Record set: Begin
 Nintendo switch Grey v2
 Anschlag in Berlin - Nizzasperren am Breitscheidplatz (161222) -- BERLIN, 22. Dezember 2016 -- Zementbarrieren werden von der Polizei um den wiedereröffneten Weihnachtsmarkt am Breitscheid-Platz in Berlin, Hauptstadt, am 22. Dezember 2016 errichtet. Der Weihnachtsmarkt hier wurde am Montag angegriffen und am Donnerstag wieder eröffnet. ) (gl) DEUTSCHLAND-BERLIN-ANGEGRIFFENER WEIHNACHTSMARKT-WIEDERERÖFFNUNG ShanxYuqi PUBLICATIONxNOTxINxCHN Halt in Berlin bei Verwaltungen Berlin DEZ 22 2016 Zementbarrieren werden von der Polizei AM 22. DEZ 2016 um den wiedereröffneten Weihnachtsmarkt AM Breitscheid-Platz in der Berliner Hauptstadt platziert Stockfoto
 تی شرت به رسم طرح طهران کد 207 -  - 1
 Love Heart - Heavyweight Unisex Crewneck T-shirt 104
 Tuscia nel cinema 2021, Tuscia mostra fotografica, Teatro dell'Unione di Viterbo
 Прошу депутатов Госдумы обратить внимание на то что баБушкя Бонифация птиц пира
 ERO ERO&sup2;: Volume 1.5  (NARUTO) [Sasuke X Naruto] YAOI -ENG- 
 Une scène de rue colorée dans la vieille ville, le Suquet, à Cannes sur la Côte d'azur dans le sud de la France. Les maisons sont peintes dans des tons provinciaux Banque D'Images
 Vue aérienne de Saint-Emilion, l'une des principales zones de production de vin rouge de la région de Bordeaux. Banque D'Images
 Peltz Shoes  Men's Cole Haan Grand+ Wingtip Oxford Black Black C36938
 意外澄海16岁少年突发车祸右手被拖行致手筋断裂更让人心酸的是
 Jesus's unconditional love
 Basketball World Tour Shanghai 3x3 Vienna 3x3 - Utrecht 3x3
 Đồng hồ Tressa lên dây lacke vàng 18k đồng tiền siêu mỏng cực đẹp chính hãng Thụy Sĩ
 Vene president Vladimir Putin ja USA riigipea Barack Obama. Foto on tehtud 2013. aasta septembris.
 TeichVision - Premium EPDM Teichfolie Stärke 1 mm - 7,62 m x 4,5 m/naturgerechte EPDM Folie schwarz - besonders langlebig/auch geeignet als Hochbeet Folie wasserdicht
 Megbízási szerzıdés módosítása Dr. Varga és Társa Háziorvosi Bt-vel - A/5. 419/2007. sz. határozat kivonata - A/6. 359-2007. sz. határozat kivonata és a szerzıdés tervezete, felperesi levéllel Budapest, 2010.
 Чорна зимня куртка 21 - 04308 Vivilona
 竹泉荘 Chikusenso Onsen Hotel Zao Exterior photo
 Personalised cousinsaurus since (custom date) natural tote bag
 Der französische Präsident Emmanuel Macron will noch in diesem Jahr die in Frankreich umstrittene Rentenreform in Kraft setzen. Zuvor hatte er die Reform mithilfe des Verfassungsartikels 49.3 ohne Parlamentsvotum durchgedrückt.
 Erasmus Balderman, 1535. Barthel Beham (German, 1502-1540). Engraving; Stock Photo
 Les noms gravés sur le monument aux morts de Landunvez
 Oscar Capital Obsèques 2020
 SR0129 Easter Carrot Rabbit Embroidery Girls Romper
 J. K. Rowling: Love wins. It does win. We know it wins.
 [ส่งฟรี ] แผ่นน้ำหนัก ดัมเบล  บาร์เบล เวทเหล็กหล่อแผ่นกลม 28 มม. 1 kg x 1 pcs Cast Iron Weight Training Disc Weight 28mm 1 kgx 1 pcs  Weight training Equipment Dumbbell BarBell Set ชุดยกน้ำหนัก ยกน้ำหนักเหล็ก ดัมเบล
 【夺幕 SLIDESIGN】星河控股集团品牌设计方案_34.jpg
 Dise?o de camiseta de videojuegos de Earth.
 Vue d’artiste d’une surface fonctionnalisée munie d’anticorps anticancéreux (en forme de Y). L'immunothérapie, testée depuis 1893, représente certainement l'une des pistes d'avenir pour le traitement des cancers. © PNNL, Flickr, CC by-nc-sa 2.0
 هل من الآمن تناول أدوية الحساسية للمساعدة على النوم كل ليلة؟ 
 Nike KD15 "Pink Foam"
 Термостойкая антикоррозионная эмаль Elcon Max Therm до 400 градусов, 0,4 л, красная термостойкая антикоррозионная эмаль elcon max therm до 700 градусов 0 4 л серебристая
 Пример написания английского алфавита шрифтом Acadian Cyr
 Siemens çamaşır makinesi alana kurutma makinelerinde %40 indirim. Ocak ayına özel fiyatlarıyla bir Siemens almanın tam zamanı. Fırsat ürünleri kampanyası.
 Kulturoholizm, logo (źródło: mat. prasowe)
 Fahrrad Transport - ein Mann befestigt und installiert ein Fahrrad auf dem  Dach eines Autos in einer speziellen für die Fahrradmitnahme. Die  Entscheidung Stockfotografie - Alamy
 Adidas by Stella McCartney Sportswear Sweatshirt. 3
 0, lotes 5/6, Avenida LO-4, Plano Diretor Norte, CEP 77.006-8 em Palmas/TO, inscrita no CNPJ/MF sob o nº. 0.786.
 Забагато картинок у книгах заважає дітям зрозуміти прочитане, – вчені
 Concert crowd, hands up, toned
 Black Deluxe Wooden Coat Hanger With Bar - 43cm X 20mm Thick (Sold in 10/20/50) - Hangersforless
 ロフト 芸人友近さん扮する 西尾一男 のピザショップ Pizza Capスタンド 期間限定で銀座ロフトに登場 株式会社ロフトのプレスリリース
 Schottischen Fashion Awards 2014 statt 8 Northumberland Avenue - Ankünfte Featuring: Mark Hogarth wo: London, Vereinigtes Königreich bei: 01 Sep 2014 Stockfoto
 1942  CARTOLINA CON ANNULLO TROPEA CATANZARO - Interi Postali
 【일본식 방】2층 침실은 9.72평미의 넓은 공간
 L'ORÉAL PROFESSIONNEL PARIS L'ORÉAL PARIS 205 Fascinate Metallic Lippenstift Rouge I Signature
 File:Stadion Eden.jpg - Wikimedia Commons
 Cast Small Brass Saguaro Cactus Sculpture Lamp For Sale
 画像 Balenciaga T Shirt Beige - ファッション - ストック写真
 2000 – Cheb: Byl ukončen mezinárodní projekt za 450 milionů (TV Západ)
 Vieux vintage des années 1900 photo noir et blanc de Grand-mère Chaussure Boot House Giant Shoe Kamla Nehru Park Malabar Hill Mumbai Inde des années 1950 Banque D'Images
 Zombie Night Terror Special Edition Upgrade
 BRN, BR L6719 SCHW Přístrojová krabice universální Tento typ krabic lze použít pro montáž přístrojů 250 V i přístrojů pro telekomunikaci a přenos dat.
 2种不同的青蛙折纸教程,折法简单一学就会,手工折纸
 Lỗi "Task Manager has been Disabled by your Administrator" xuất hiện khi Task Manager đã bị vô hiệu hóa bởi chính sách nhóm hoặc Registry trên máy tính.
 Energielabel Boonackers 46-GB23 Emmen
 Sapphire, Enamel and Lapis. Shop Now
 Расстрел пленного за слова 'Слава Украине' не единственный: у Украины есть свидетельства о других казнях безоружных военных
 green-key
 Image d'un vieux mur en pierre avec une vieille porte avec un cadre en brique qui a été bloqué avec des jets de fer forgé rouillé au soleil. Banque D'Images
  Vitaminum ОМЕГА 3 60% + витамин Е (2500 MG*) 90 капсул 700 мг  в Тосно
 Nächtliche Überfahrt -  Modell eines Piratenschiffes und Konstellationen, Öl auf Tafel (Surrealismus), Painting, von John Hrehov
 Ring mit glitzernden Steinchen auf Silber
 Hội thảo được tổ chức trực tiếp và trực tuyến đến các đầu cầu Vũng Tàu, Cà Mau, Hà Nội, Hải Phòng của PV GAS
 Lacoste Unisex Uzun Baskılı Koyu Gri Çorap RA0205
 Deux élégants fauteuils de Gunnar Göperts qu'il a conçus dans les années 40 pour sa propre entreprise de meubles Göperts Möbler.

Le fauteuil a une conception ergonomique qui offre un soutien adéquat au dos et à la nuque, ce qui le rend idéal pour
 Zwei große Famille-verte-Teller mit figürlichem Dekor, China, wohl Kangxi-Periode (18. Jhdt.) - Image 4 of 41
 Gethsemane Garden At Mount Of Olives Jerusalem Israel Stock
Record set: End
* What the exercise asks *
The lines above from the one with "Image d'un vieux" through the one with "Vitaminum ОМЕГА 3" are to be duplicated exactly, ends included, with nothing added.

* Your solution *
 Image d'un vieux mur en pierre avec une vieille porte avec un cadre en brique qui a été bloqué avec des jets de fer forgé rouillé au soleil. Banque D'Images
  Vitaminum ОМЕГА 3 60% + витамин Е (2500 MG*) 90 капсул 700 мг  в Тосно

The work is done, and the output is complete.